RESOLUTION 1 - ADOPTION OF REMUNERATION REPORT
To consider and, if thought fit, to pass the following resolution as a non-
binding resolution:
`That, for the purpose of section 250R(2) of the Corporations Act, the
Remuneration Report as set out in the Annual Report for the year ended 30 June
2009 be adopted. "
Short Explanation:
The Corporations Act provides that a resolution for the Remuneration Report to
be adopted must be put to a vote at a listed company`s annual general meeting.
The vote on the Remuneration Report is advisory only and does not bind the
Directors or the Company.
RESOLUTION 2 - ELECTION OF MR TIMOTHY TEBEILA AS A DIRECTOR
To consider and, if thought fit, to pass with or without modification, the
following resolution as an ordinary resolution:
"Timothy Tebeila who, having been appointed by the Board since the 2008 Annual
General Meeting notice was signed, retires and, being eligible, offers himself
for election as a director of the Company.

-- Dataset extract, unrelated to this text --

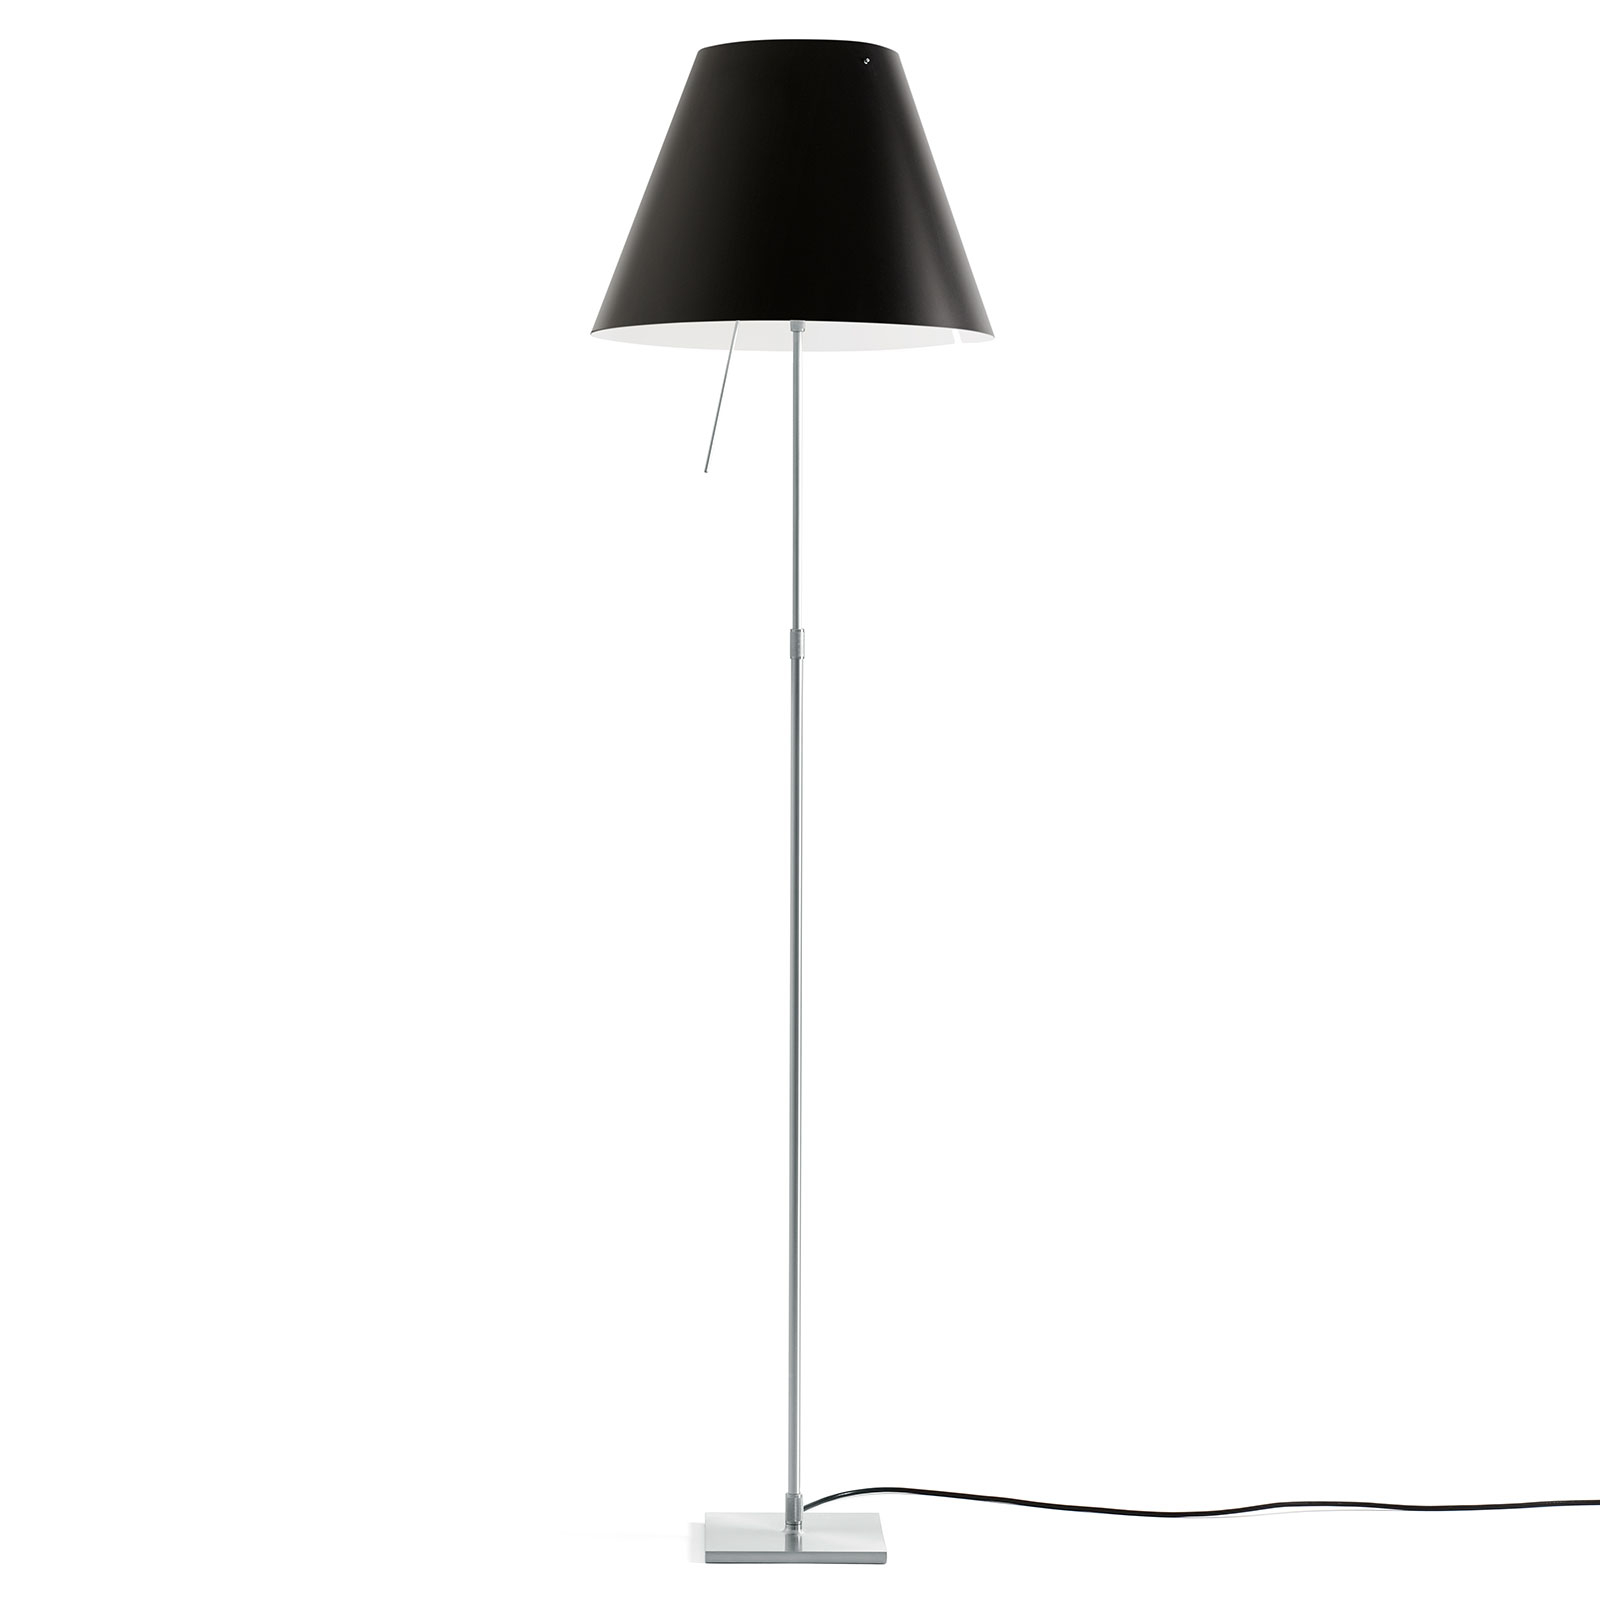 Luceplan Costanza vloerlamp D13t, alu/zwart

RESOLUTION 3 - ELECTION OF MS AMANDA MATTHEE AS A DIRECTOR
To consider and, if thought fit, to pass with or without modification, the
following resolution as an ordinary resolution:
"Amanda Matthee who, having been appointed by the Board since the 2008 Annual
General Meeting notice was signed, retires and, being eligible, offers himself
for election as a director of the Company.

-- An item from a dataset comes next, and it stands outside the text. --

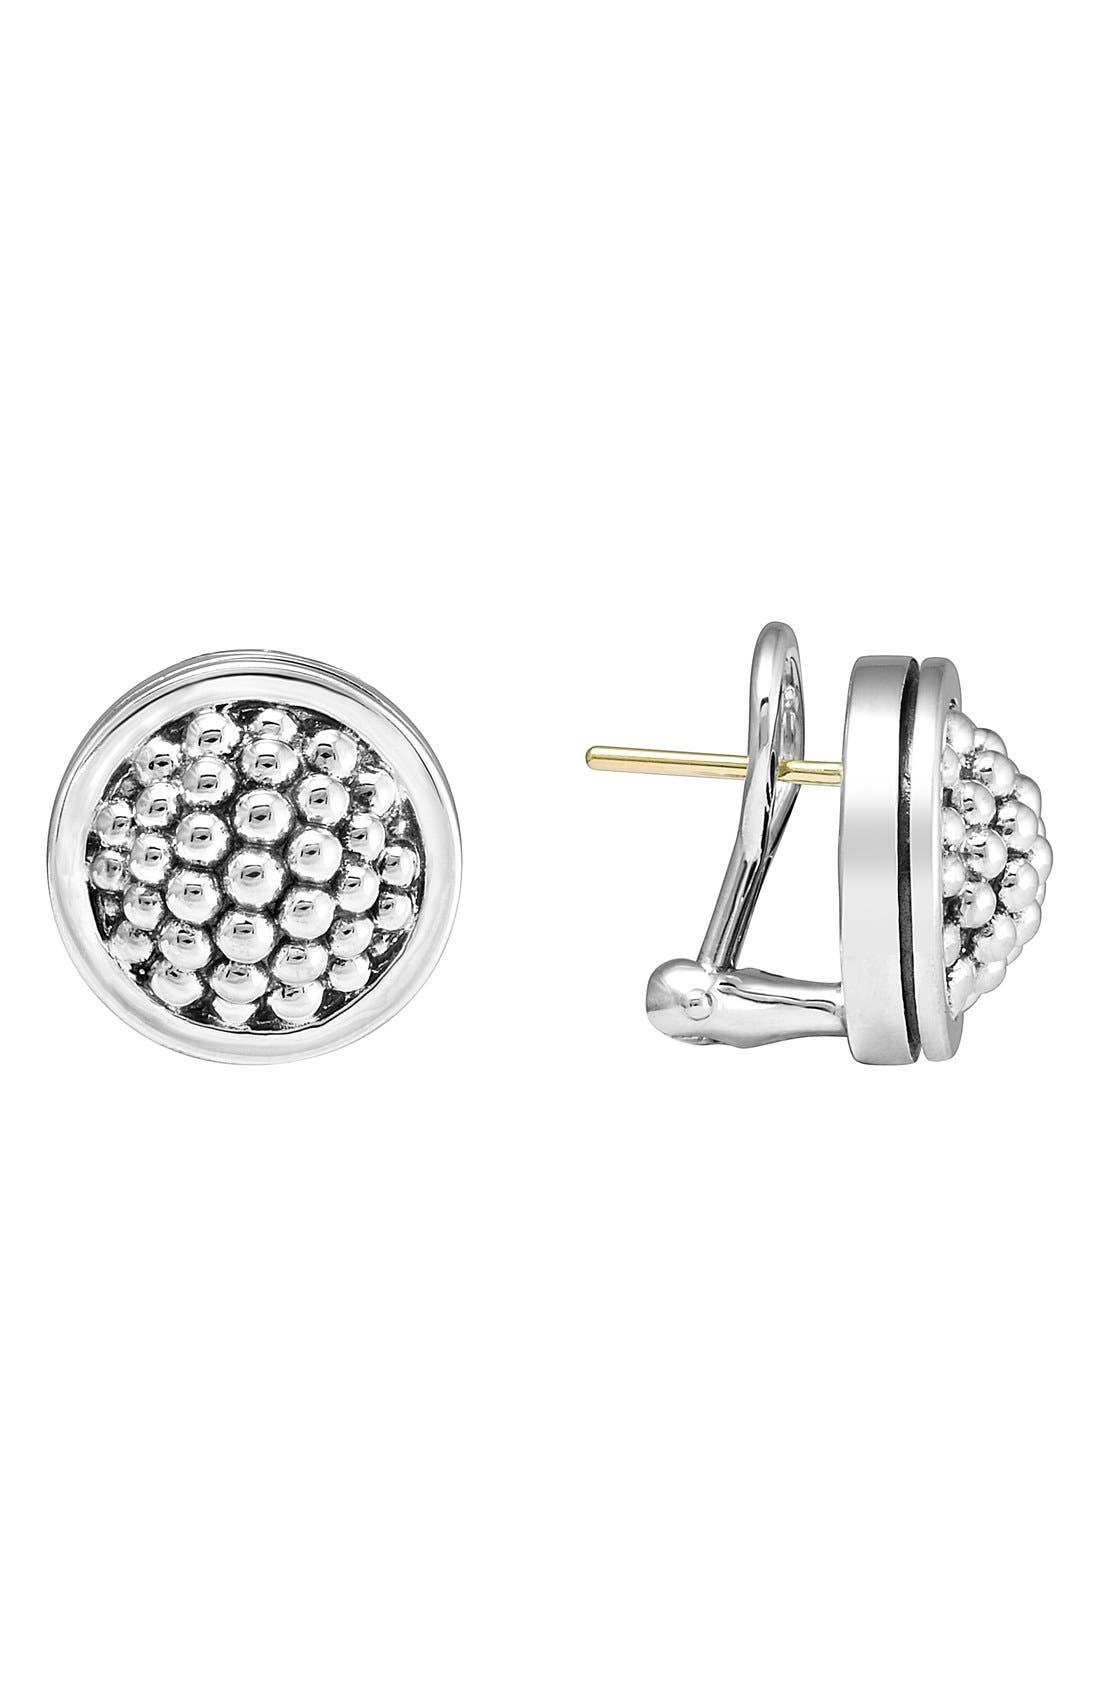 LAGOS Caviar Stud Earrings

RESOLUTION 4 - ELECTION OF MR JOHN DREYER AS A DIRECTOR
To consider and, if thought fit, to pass with or without modification, the
following resolution as an ordinary resolution:
"John Dreyer who, having been appointed by the Board since the 2008 Annual
General Meeting, retires and, being eligible, offers himself for election as a
director of the Company.
RESOLUTION 5 - ELECTION OF MR JOHN WALLINGTON AS A DIRECTOR
To consider and, if thought fit, to pass with or without modification, the
following resolution as an ordinary resolution:
"John Wallington who, having been appointed by the Board since the 2008 Annual
General Meeting, retires and, being eligible, offers himself for election as a
director of the Company.
RESOLUTION 6 - ELECTION OF MR COLIN MCINTYRE AS A DIRECTOR
To consider and, if thought fit, to pass with or without modification, the
following resolution as an ordinary resolution:
"Colin McIntyre who, having been appointed by the Board since the 2008 Annual
General Meeting, retires and, being eligible, offers himself for election as a
director of the Company.
RESOLUTION 7 - RATIFICATION OF PREVIOUS SHARE ISSUE - HSBC CUSTODY NOMINEES
(AUSTRALIA) LIMITED
To consider and, if thought fit, to pass the following resolution as an ordinary
resolution:
"That for the purpose of ASX Listing Rule 7.4 and for all other purposes,
shareholders of the Company approve and ratify the prior issue of 25,000,000
fully paid ordinary shares at $0.05 per share on 1 October 2009 to HSBC Custody
Nominees (Australia) Limited (acting as nominee for River Group Limited) as
further described in the Explanatory Statement forming part of this Notice of
Meeting"."
Voting Exclusion
The Company will disregard any votes cast on Resolution 7 by HSBC Custody
Nominees (Australia) Limited and River Group Limited, and their associates.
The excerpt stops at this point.